> AIM OF THE TASK
Your output should be the lines from the one containing "和風ジングル10秒(琴/流し爪)の未再生の波形" through the end of the listing, exact and inclusive, with no pictures.

> EXERCISE DATA
┌──
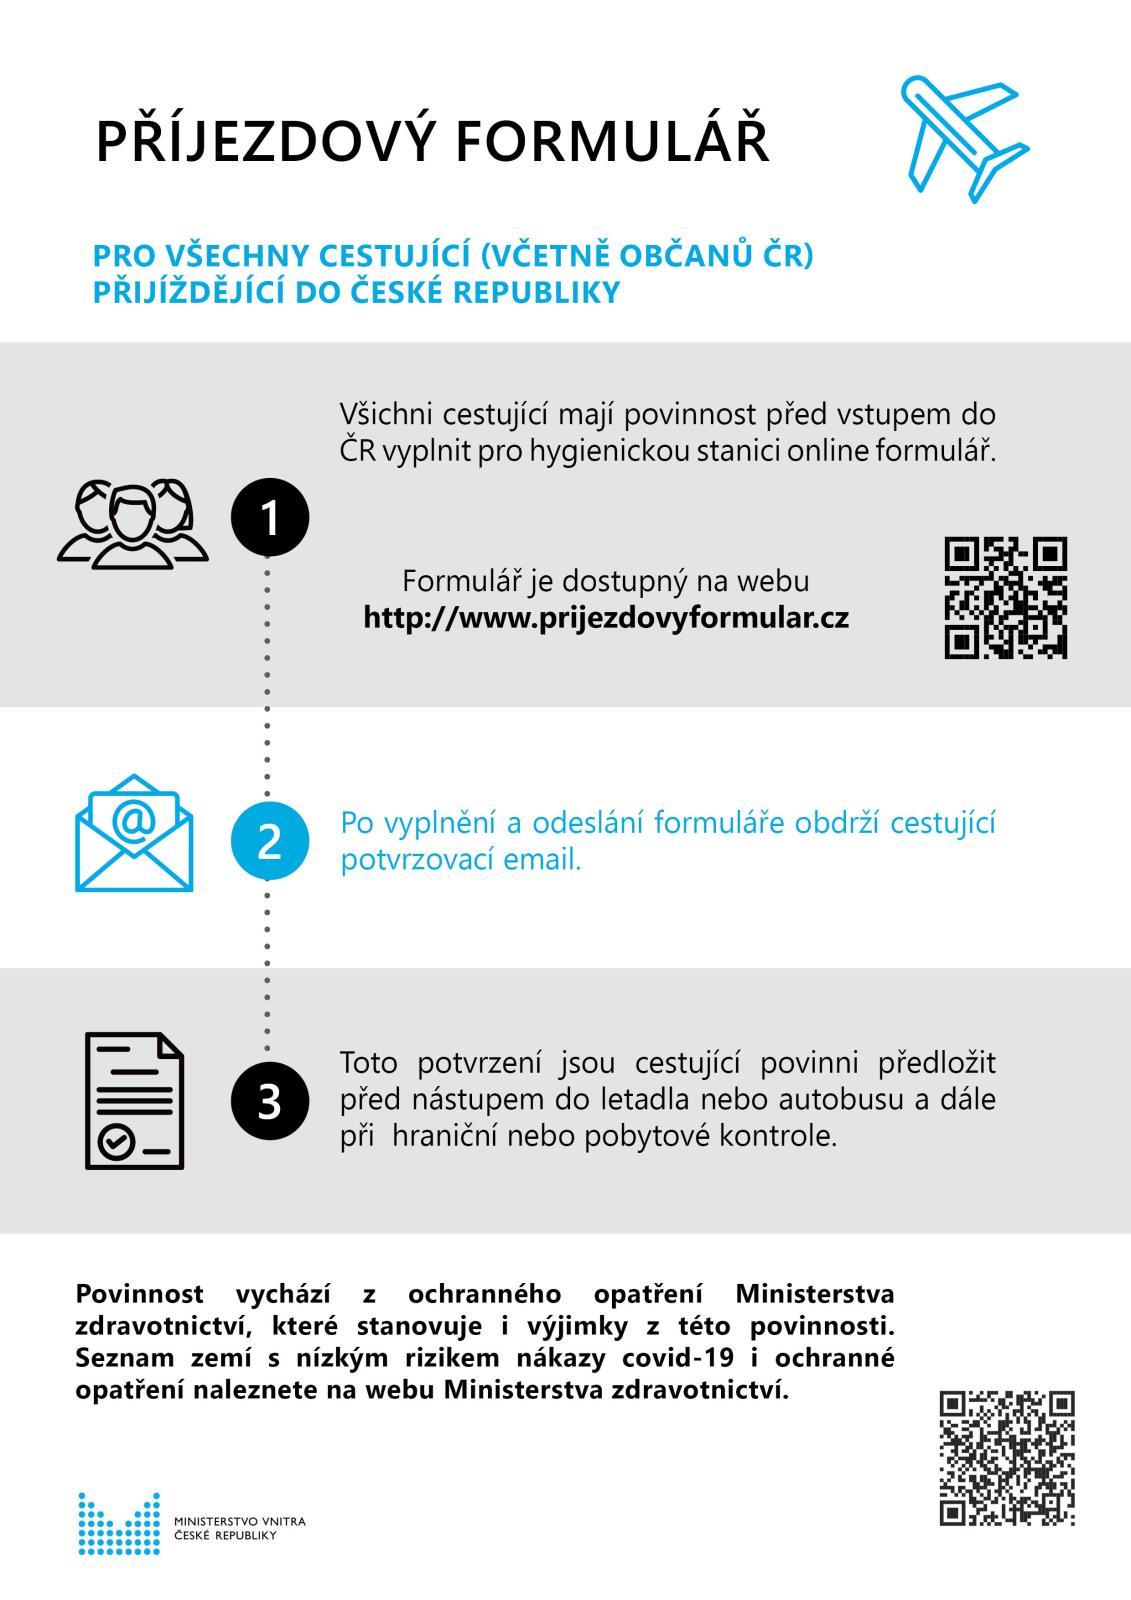 Letak_na_letiste-prijezdovy_formular_-_20210723.jpg
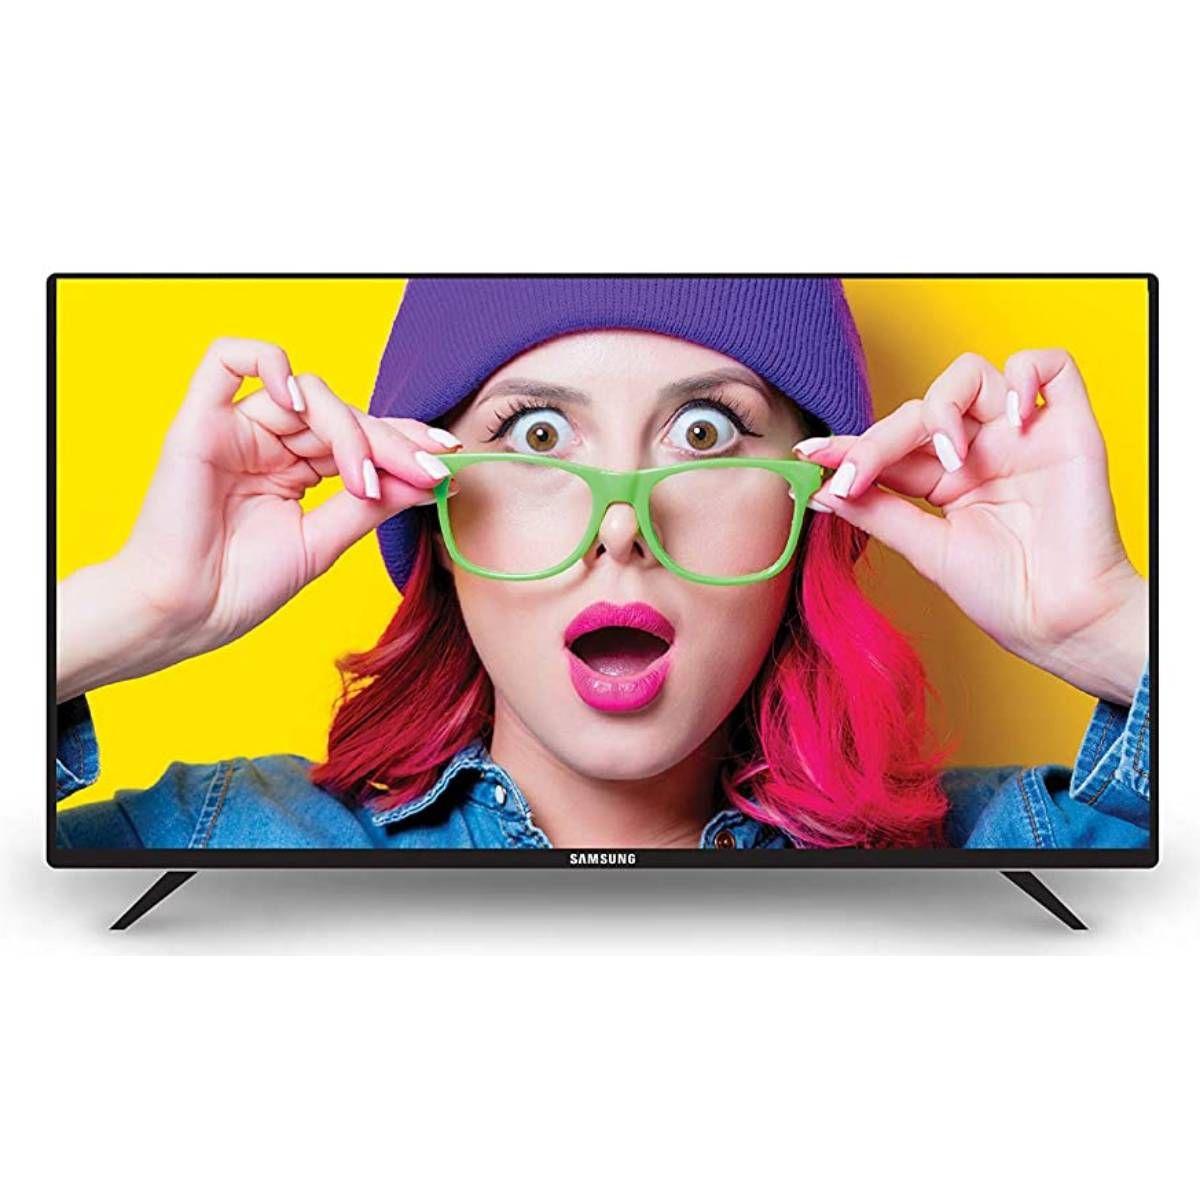 சேம்சங் 55 Inches Ultra HD LED Smart டிவி  Wondertainment Series (UA55TUE60AKXXL)
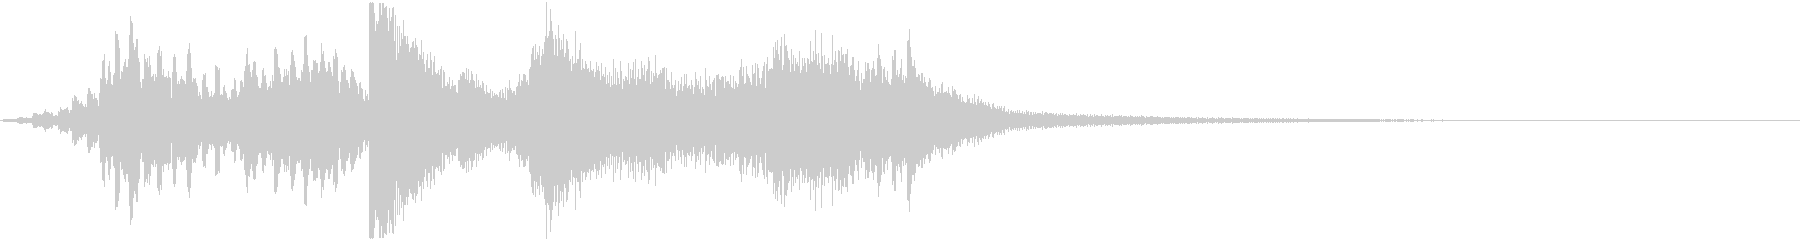 和風ジングル10秒(琴/流し爪)の未再生の波形
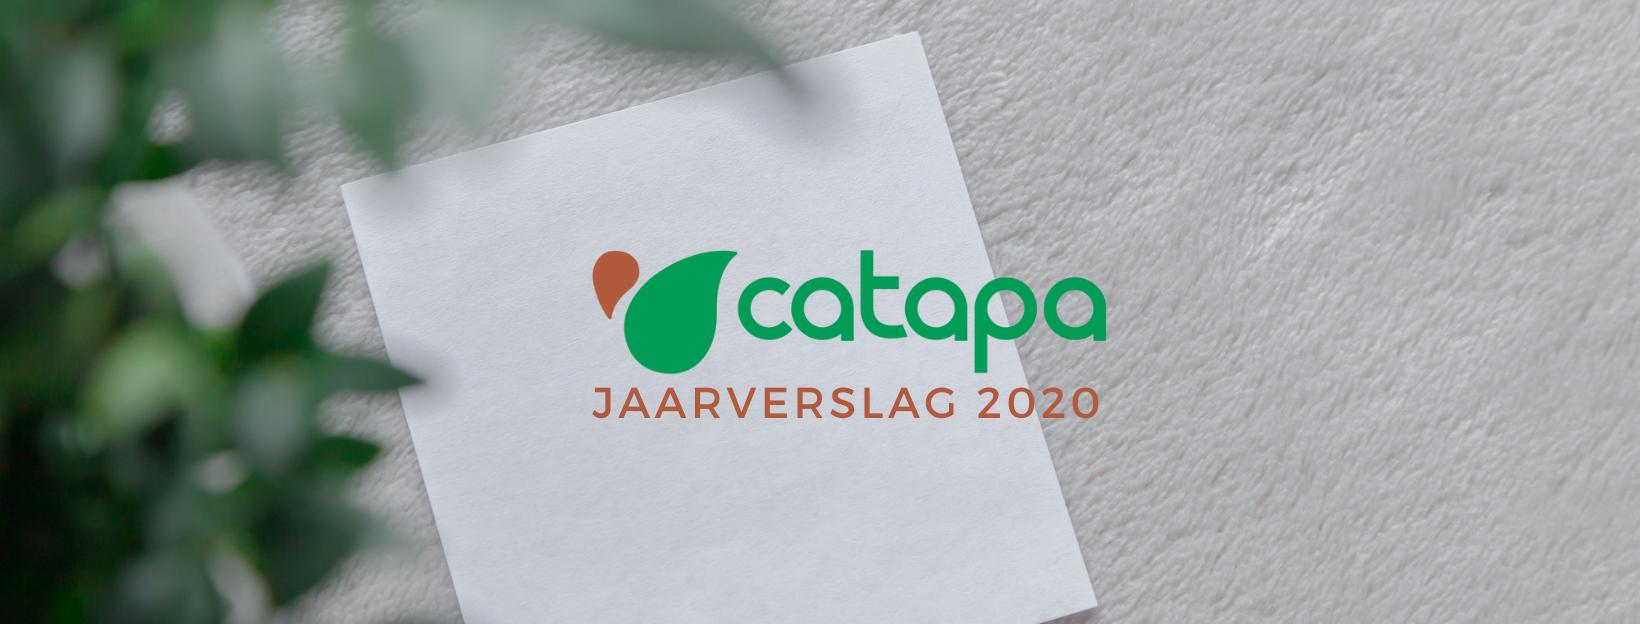 Catapa jaarverslag 2020
└──
> RESPONSE
 和風ジングル10秒(琴/流し爪)の未再生の波形
 Catapa jaarverslag 2020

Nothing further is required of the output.